Some things to keep an eye out for when looking at data on a numeric variable:
skewness, multimodality
gaps, outliers
rounding, e.g. to integer values, or heaping, i.e. a few particular values occur very frequently
impossible or suspicious values
A variant of the dot plot is known as a strip plot. A strip plot for the city temperature data is
p1 <- stripplot(~ temp, data = citytemps)
p2 <- ggplot(citytemps) + geom_point(aes(x = temp, y = "All"))
grid.arrange(p1, p2, nrow = 1)
One way to reduce the vertical space is to use the chunk option fig.height = 2
, which produces
The strip plot can reveal gaps and outliers.

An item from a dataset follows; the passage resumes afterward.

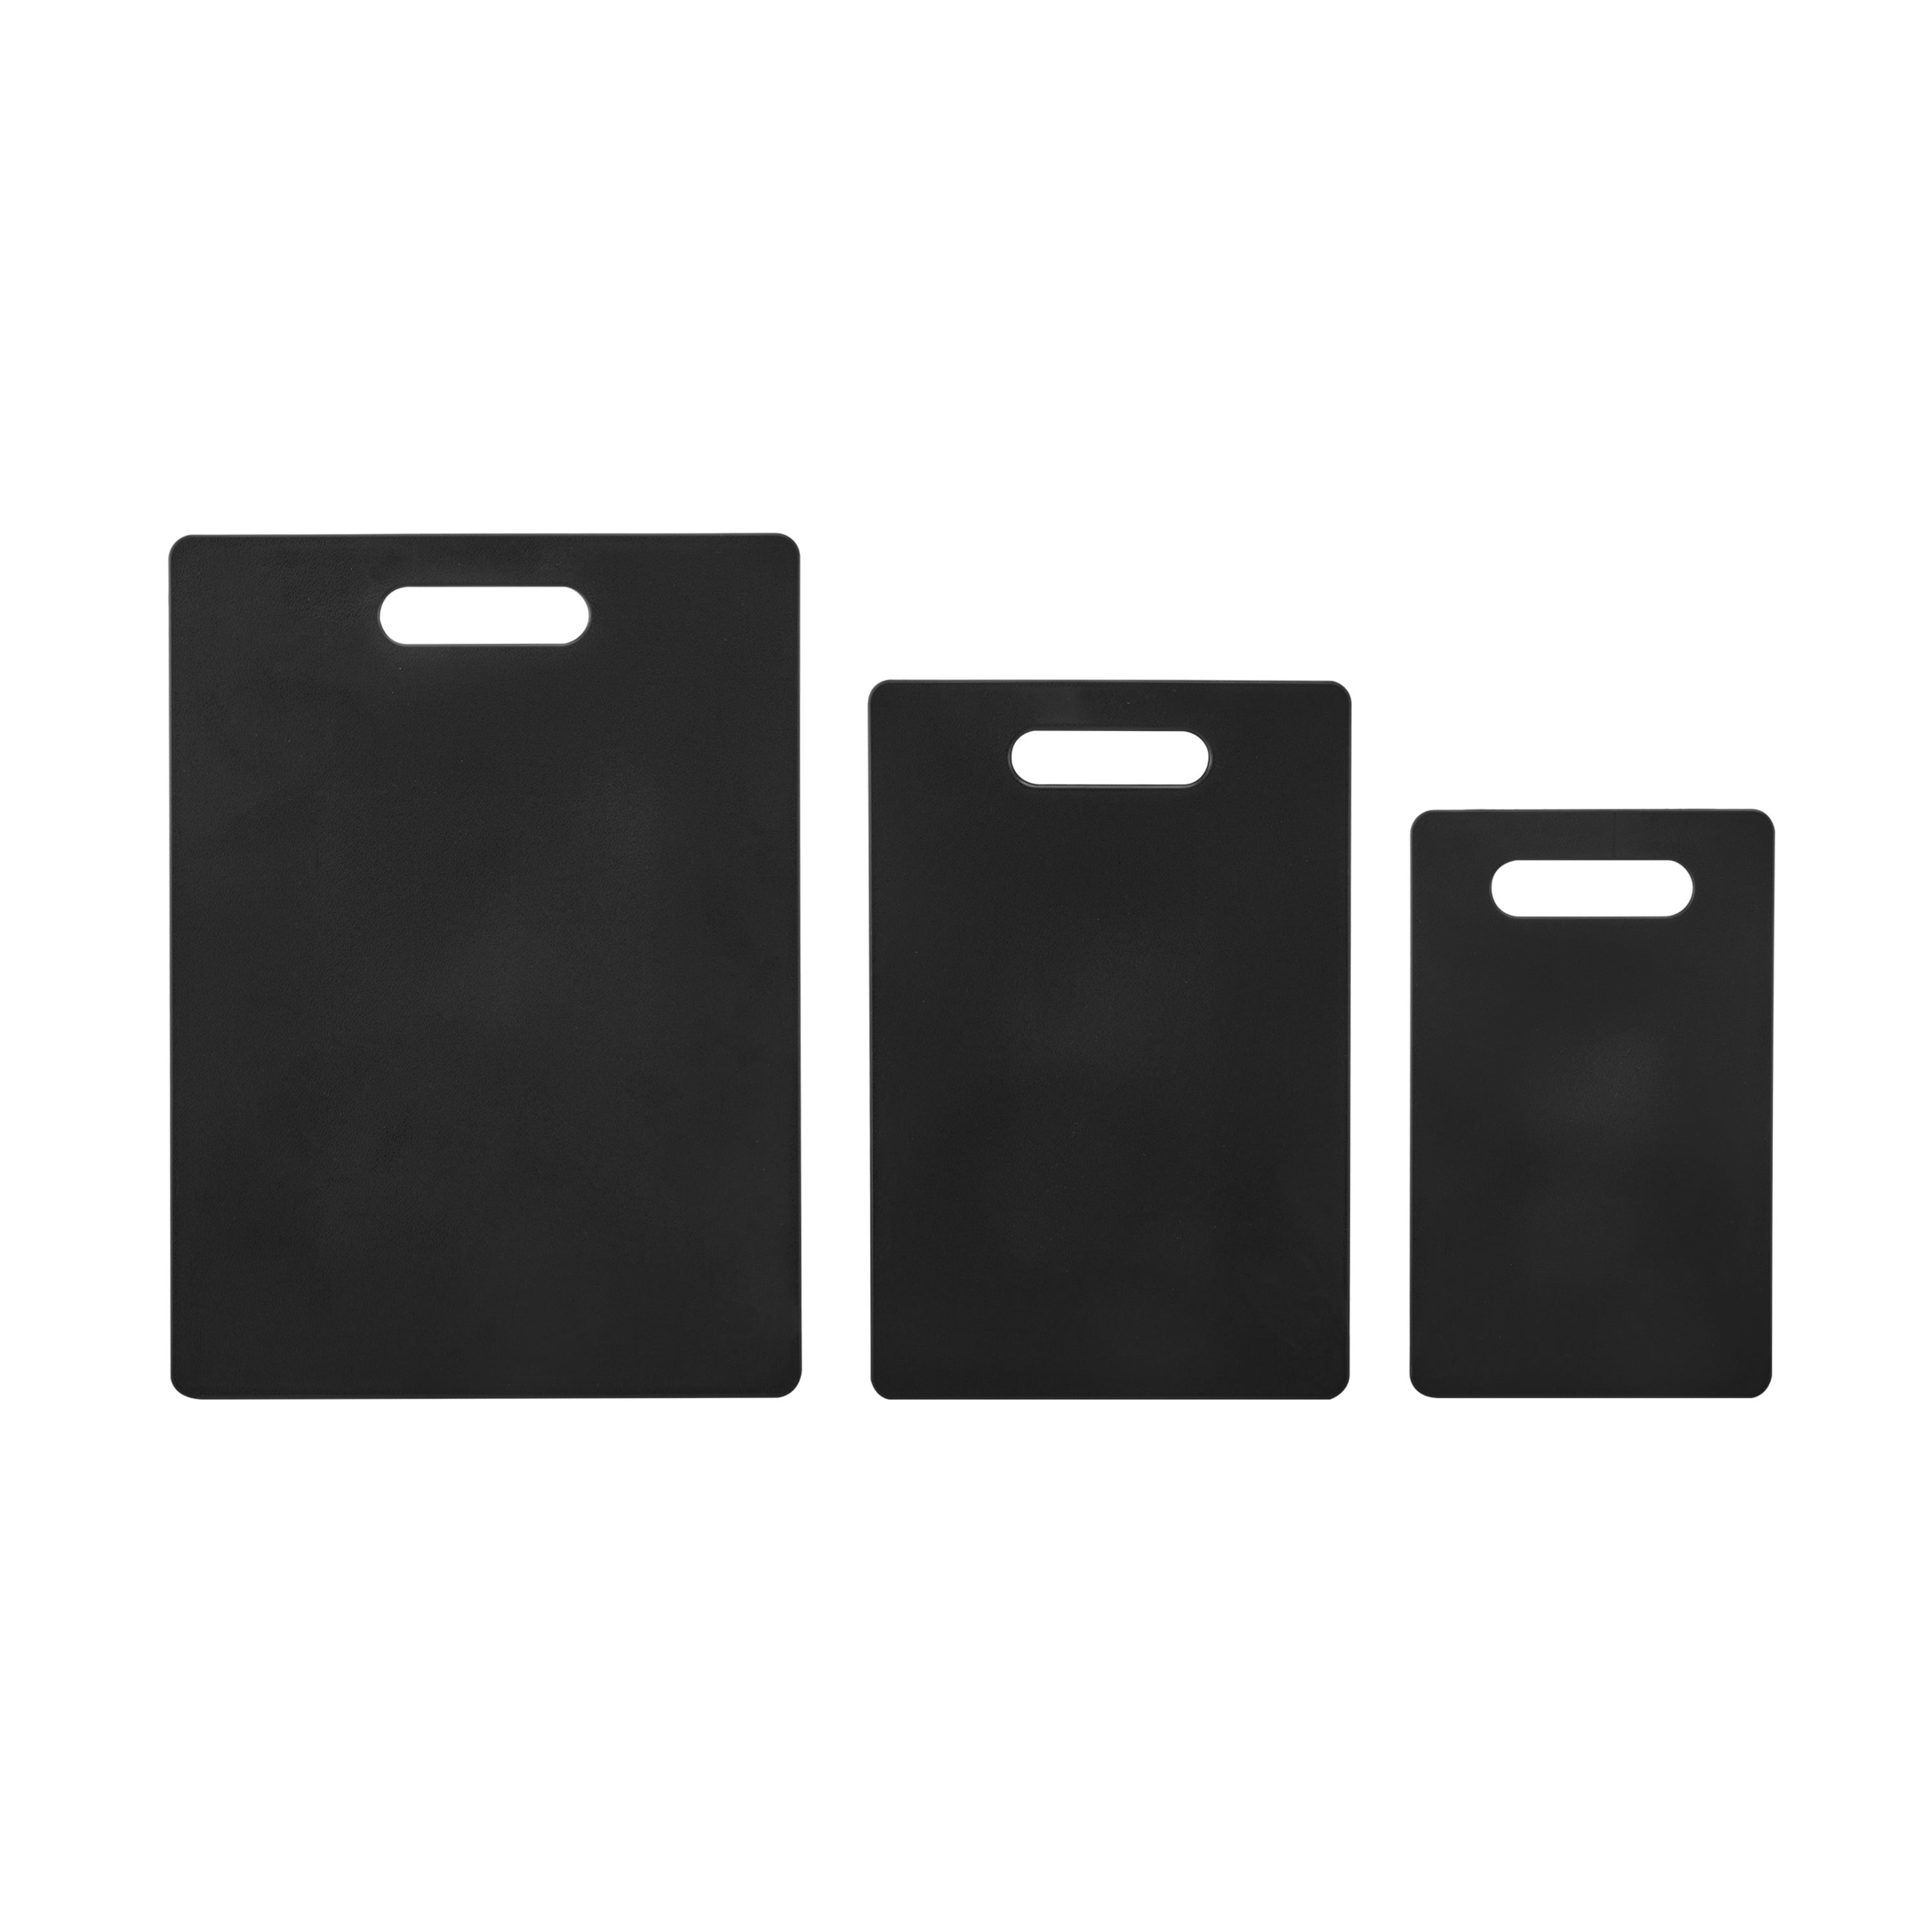  3/4 Black Poly Cutting Board - A Cut Above the Rest!

After looking at the plot we might want to examine the high and low values:
filter(citytemps, temp > 85)
## city temp
## 1 Caracas 88
## 2 Managua 91
## 3 Rio de Janeiro 86
## 4 San Salvador 86
## 5 Santo Domingo 86
filter(citytemps, temp < 10)
## city temp
## 1 Almaty -6
## 2 Anadyr 0
## 3 Tashkent 1
The strip plot is most useful for showing subsets corresponding to a categorical variable.
A strip plot for the yields for different varieties in the barley data is
ggplot(barley) + geom_point(aes(x = yield, y = variety))
Scalability in this form is limited due to over-plotting.
A simple strip plot of price
within the different cut
levels in the diamonds
data is not very helpful:
ggplot(diamonds) + geom_point(aes(x = price, y = cut))
Several approaches are available to reduce the impact of over-plotting:
reduce the point size;
random displacement of points, called jittering;
making the points translucent, or alpha blending.
Combining all three produces
ggplot(diamonds) +
geom_point(aes(x = price, y = cut),
size = 0.2, position = "jitter", alpha = 0.2)
Skewness of the price distributions can be seen in this plot, though other approaches will show this more clearly.
A peculiar feature reveled by this plot is the gap below 2000. Examining the subset with price < 2000
shows the gap is roughly symmetric around 1500:
ggplot(filter(diamonds, price < 2000)) +
geom_point(aes(x = price, y = cut),
size = 0.2, position = "jitter", alpha = 0.2)
With a good combination of point size choice, jittering, and alpha blending the strip plot for groups of data can scale to several hundred thousand observations and ten to twenty of groups.
Strip plots can reveal gaps, outliers, and data outside of the expected range.
Skewness and multi-modality can be seen, but other visualizations show these more clearly.
Storage needed for vector graphics images grows linearly with the number of observations.
Base graphics provides stripchart
:
stripchart(yield ~ variety, data = barley)
Lattice provides stripplot
:
stripplot(variety ~ yield, data = barley)